A good general herbal mixture for the itchy, dry skin associated with acne, eczema and psoriasis should include tea tree oil, witch hazel, aloe vera or ferox, calendula, golden seal, barbinella, camomile and arnica. Add Echinacea to this mixture to prevent and treat infections. A good steam treatment for the face should include rose petals, calendula, camomile and lavender to purify, relax and nourish the skin. Apply a natural moisturiser afterwards.

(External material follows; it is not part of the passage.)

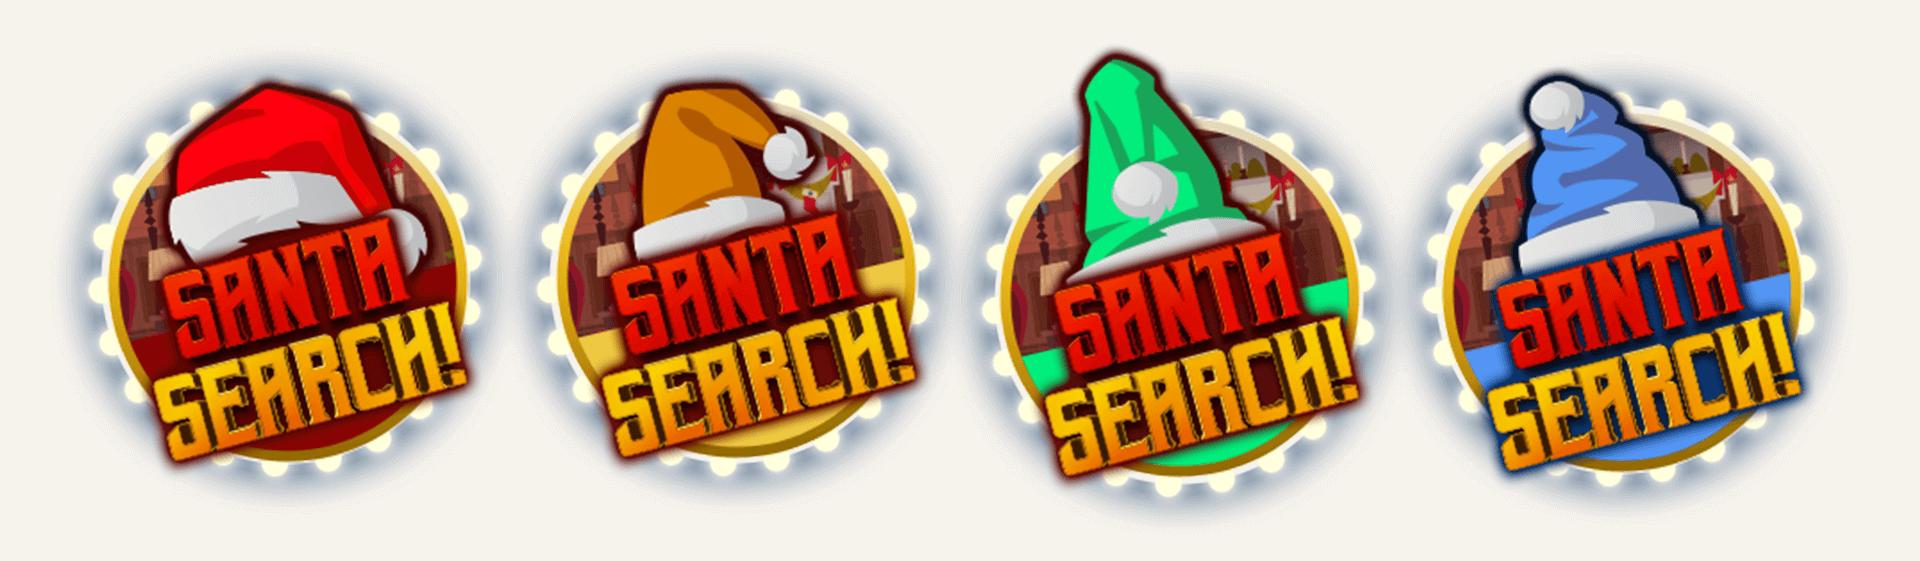 Santa Search - mFortune Christmas promotion 2020 - Santa hat icon
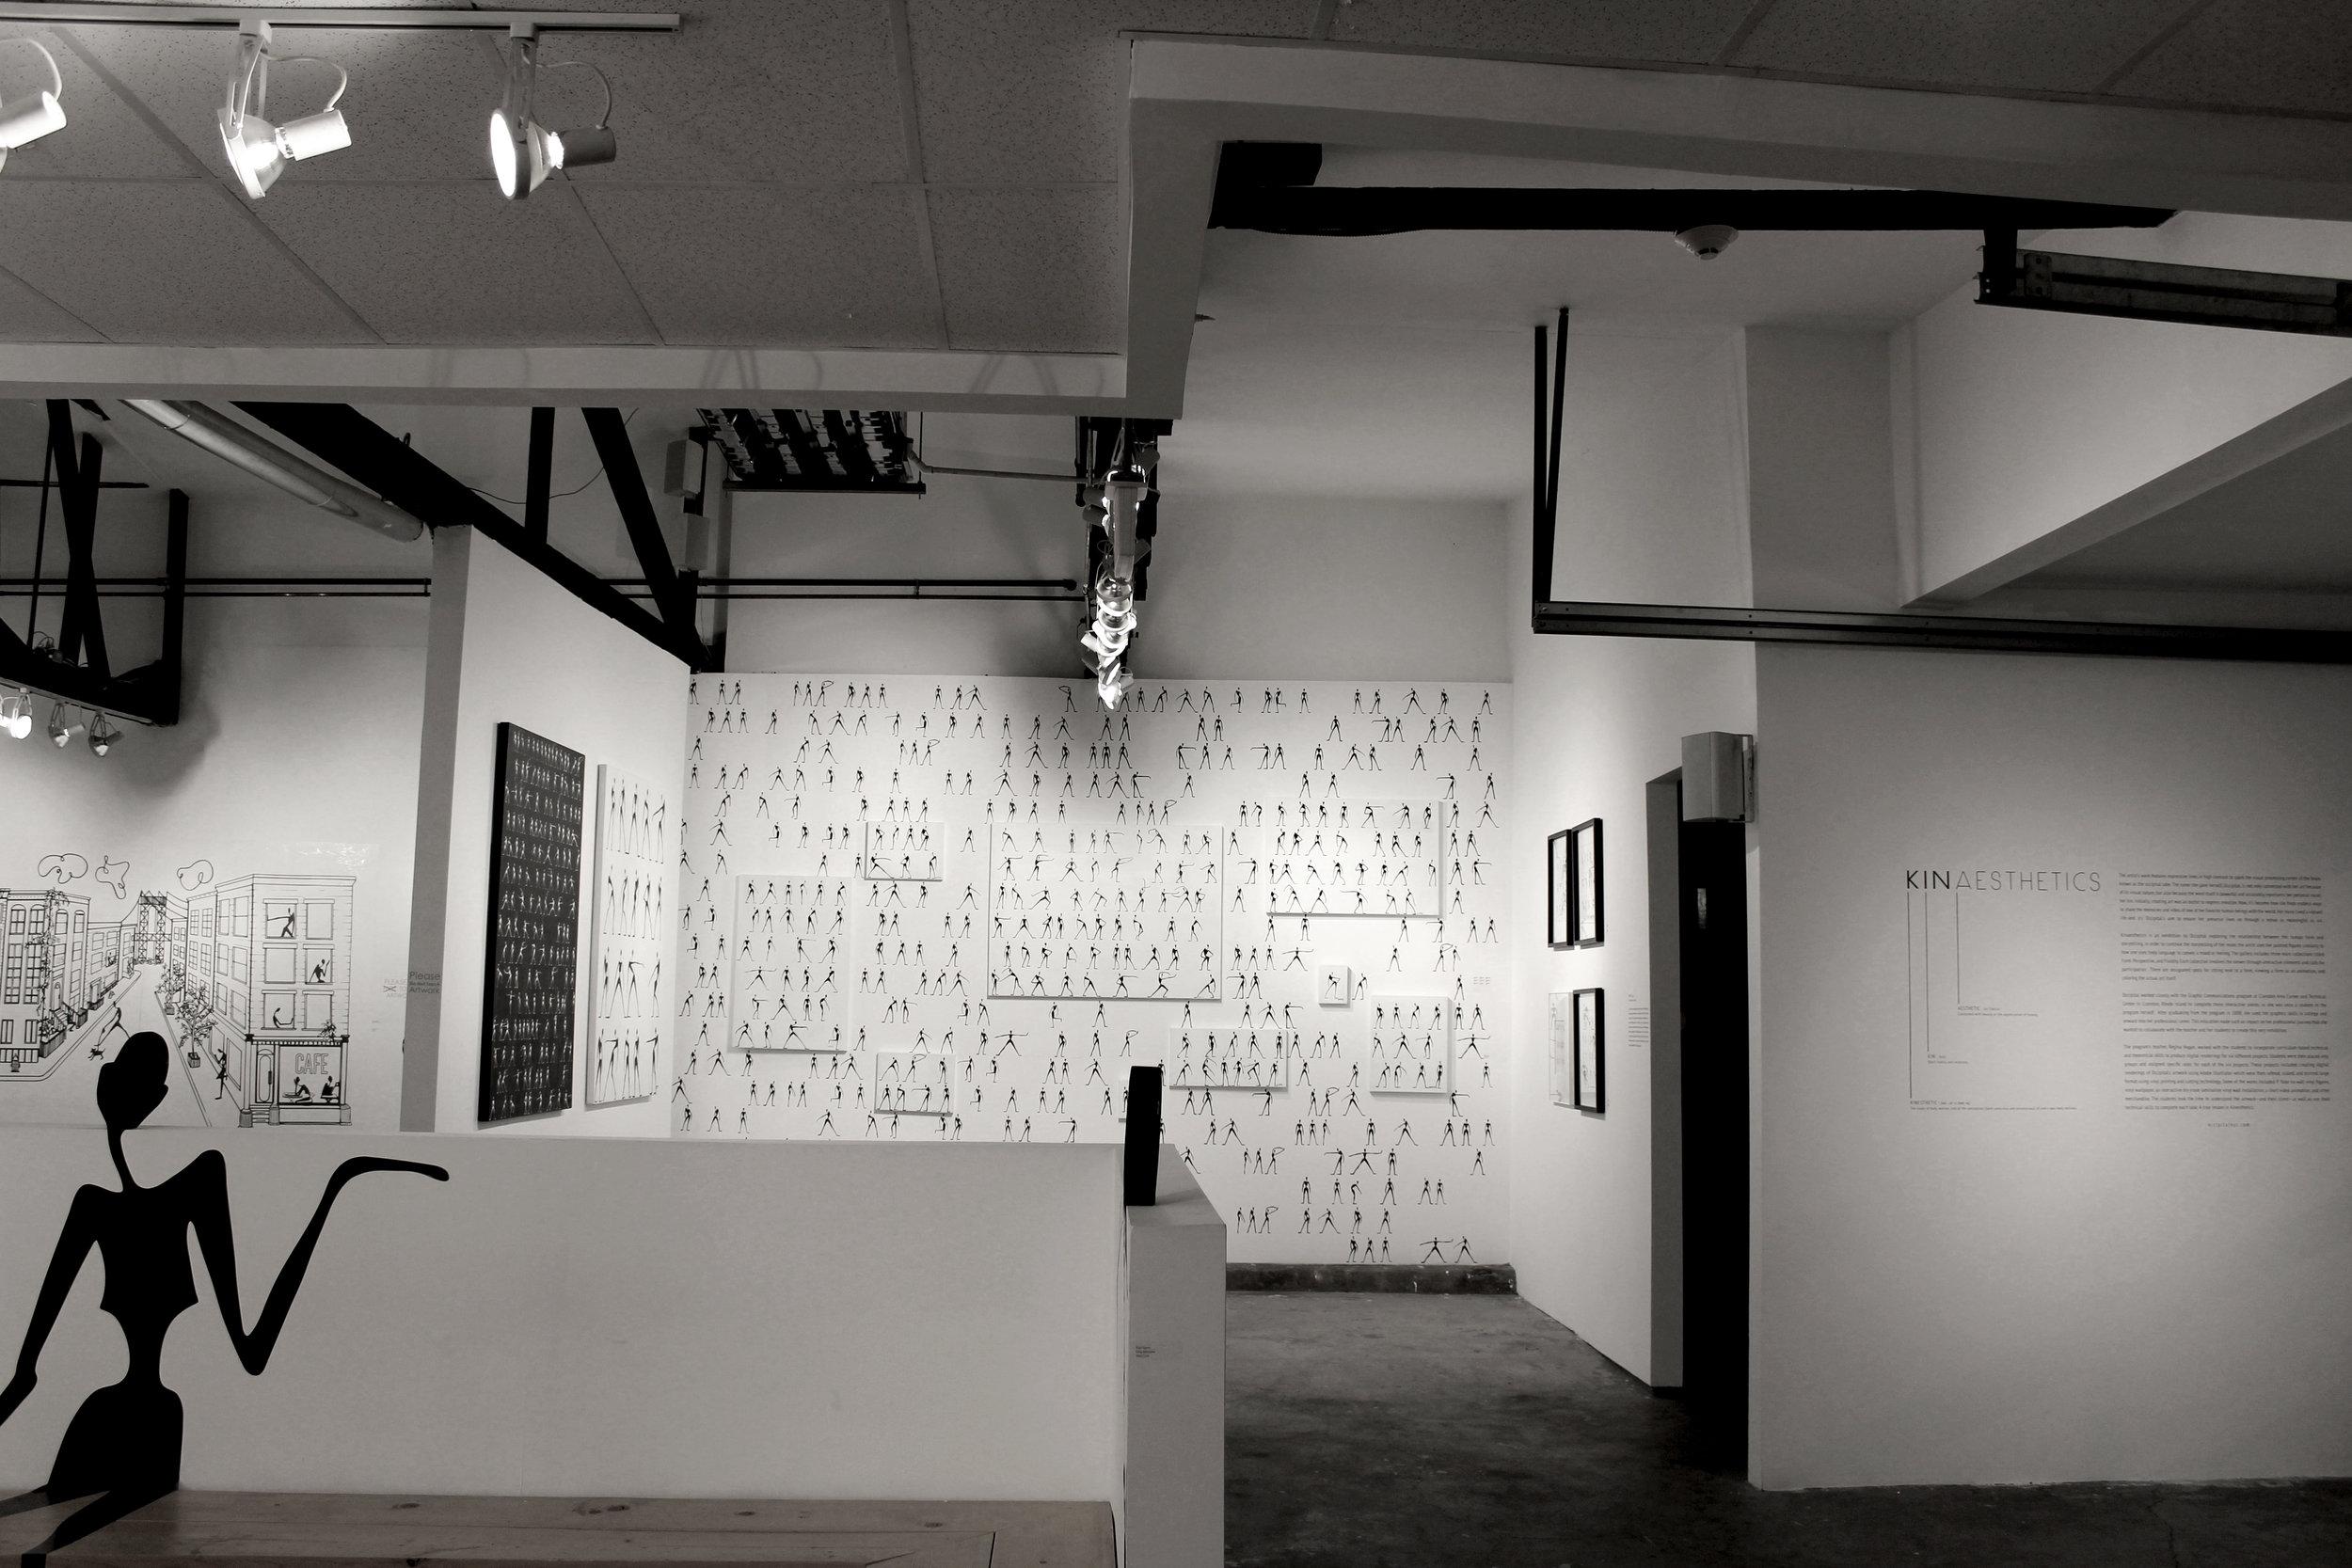 Kinaesthetics+gallery+2018.jpg

A healthy recipe for treating acne: ten drops of tea tree oil, 50 ml rose water, 10 ml fresh witch hazel, 10 ml fresh lavender flowers, 10 ml fresh camomile flowers and 10 ml fresh elder flowers. (If dried flowers are used, take 20 g of each). Mix the tea tree oil with the rose water and witch hazel to form an astringent. Mix the lavender and the other flowers in a bowl and pour boiling water over them. Steam the face for ten minutes and then apply the astringent. (Consult Chapter 15 for information on acne and teenagers).

Natural ingredients will set you on the road to recovery for almost any skin complaint and to prevent premature ageing of the skin. Cortisone creams and other potentially harmful ointments are not the only solution to skin problems. Every reader must be convinced by now of the advantages of having one’s own herb garden!